2.1 UPDATE Strategy (Default)
How It Works:
- New URL Found → Scrape and save directly
- Duplicate URL + Scraping Success → Mark old content as "expired", save new version
- Duplicate URL + Scraping Failure → Update old content's collection time, don't save new content
Suitable Scenarios:
- ✅ Content gets updated (e.g., product prices, inventory info, news corrections)
- ✅ Need to retain historical versions (audit, comparative analysis)
- ✅ Willing to pay update costs (re-scraping requires API calls)
Advantages:
- Always get the latest version
- Retain historical versions (old content marked as "expired" but not deleted)
- Keep old content when scraping fails (fault tolerance)
Cost:
- Re-scrape every duplicate URL
- Higher cost (but ensures data is current)
2.2 KEEP_OLD Strategy
How It Works:
- New URL Found → Scrape and save
- Duplicate URL → Skip directly (no scraping, no saving), only update old content's collection time
Suitable Scenarios:
- ✅ Content doesn't update (e.g., news articles, RSS Feeds, historical documents)
- ✅ Only care about new content (don't care about updates to collected content)
- ✅ Cost-sensitive (want to save API calls)
Advantages:
- Avoid duplicate scraping (save 70-90% cost)
- Faster execution (no waiting for duplicate URL scraping)
- Suitable for high-volume URL scenarios (e.g., RSS Feed, news sources)
Considerations:
- ⚠️ Won't re-scrape even if content actually updated
- ⚠️ Cannot get the latest version of content
2.3 Strategy Comparison
| Feature | UPDATE (Default) | KEEP_OLD |
|---|---|---|
| Duplicate URL Handling | Re-scrape | Skip scraping |
| Content Versions | Keep all versions (old marked expired) | Keep only first version |
| Cost | High (scrape every time) | Low (scrape new URLs only) |
| Speed | Slow (wait for scraping) | Fast (skip scraping) |
| Suitable Scenario | Content gets updated | Content doesn't update |
| Recommendation | ⭐⭐⭐ | ⭐⭐⭐⭐⭐ (RSS/News) |
PlaceholderUPDATE vs KEEP_OLD flow comparison - showing different processing flows for the same URL
3. Deduplication Timeline Examples
3.1 UPDATE Strategy Example
Scenario: Monitor product prices (need latest price)

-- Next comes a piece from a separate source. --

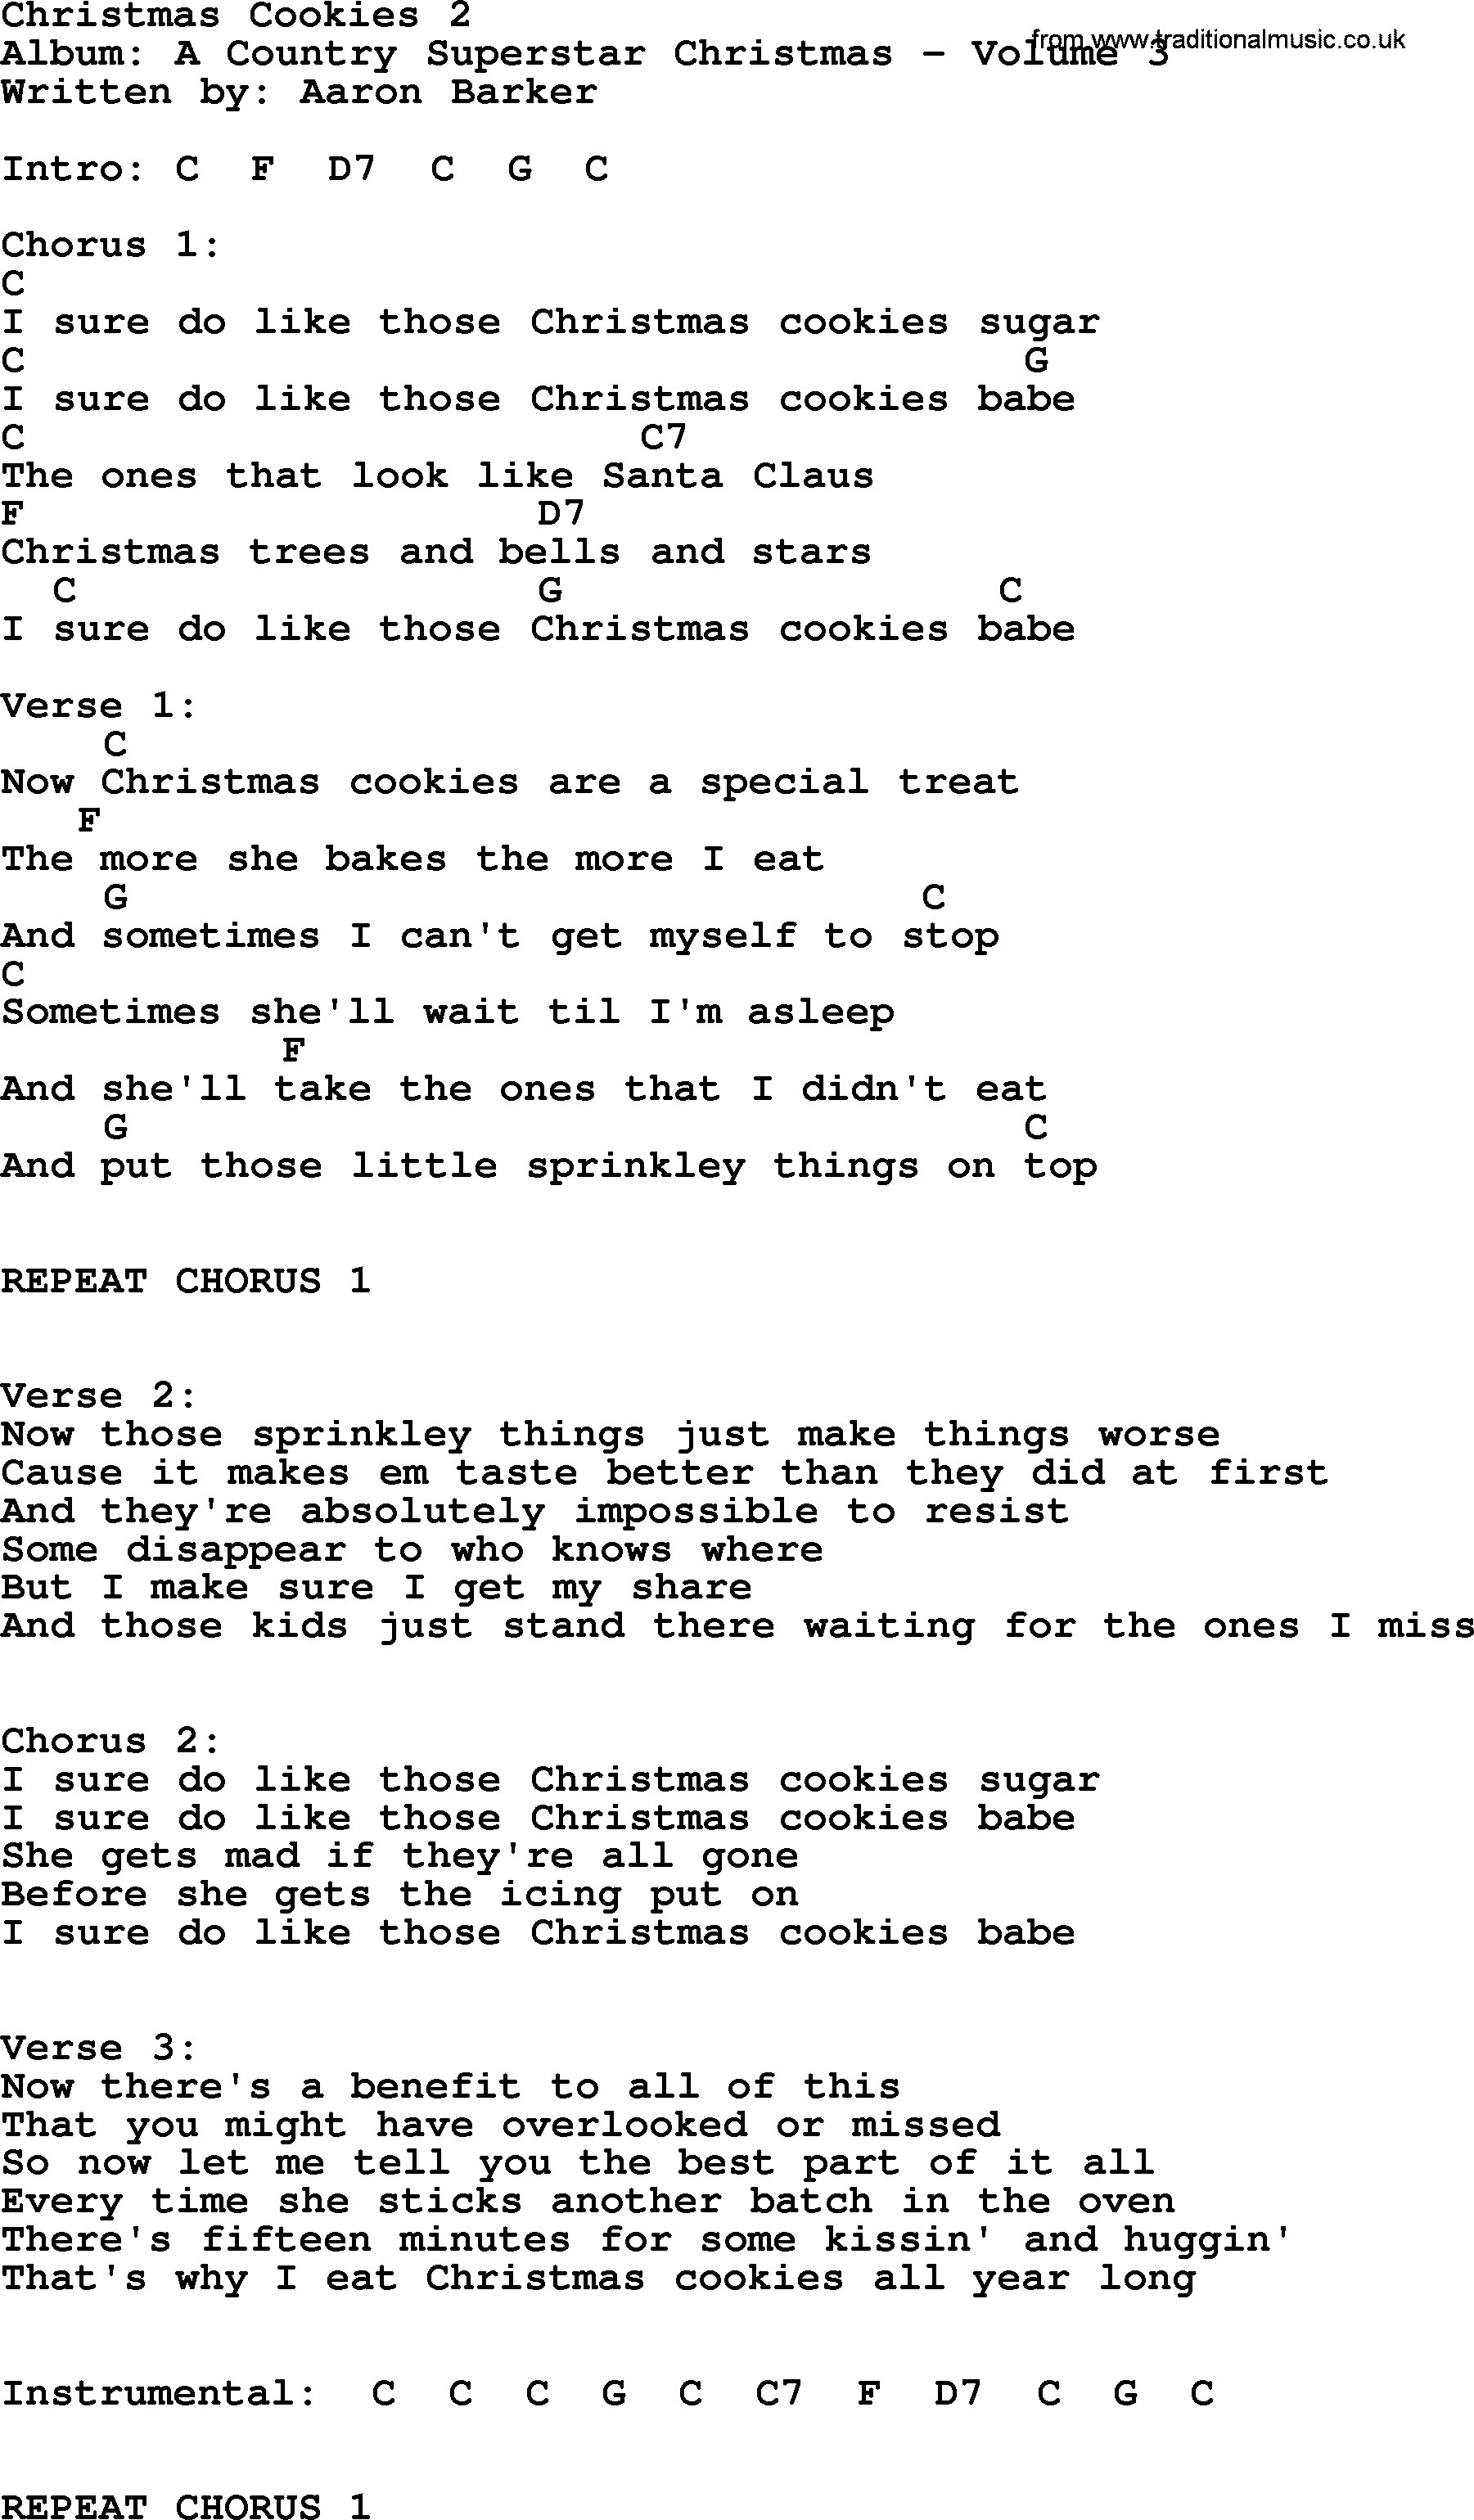 George Strait Christmas Cookies Lyrics
 Christmas Cookies 2 by George Strait lyrics and chords

Timeline: Day 1, 9:00 AM - First Collection • URL: https://example.com/product/123 • Price: $99 • Action: Save content A • Cost: 10 credits Day 2, 9:00 AM - Second Collection • URL: https://example.com/product/123 (duplicate) • Price: $89 (price dropped!) • Actions: 1. Re-scrape (success) 2. Mark content A as "expired" 3. Save content B (new version) • Cost: 10 credits Day 3, 9:00 AM - Third Collection • URL: https://example.com/product/123 (duplicate) • Scraping failed (site maintenance) • Actions: 1. Attempt scraping (failed) 2. Update content B's collection time 3. Don't save new content • Cost: 0 credits (failed scraping not charged) Result: • 2 items in library (A expired, B not expired) • Report generation only uses content B (latest price $89) • Can view historical version (content A, price $99)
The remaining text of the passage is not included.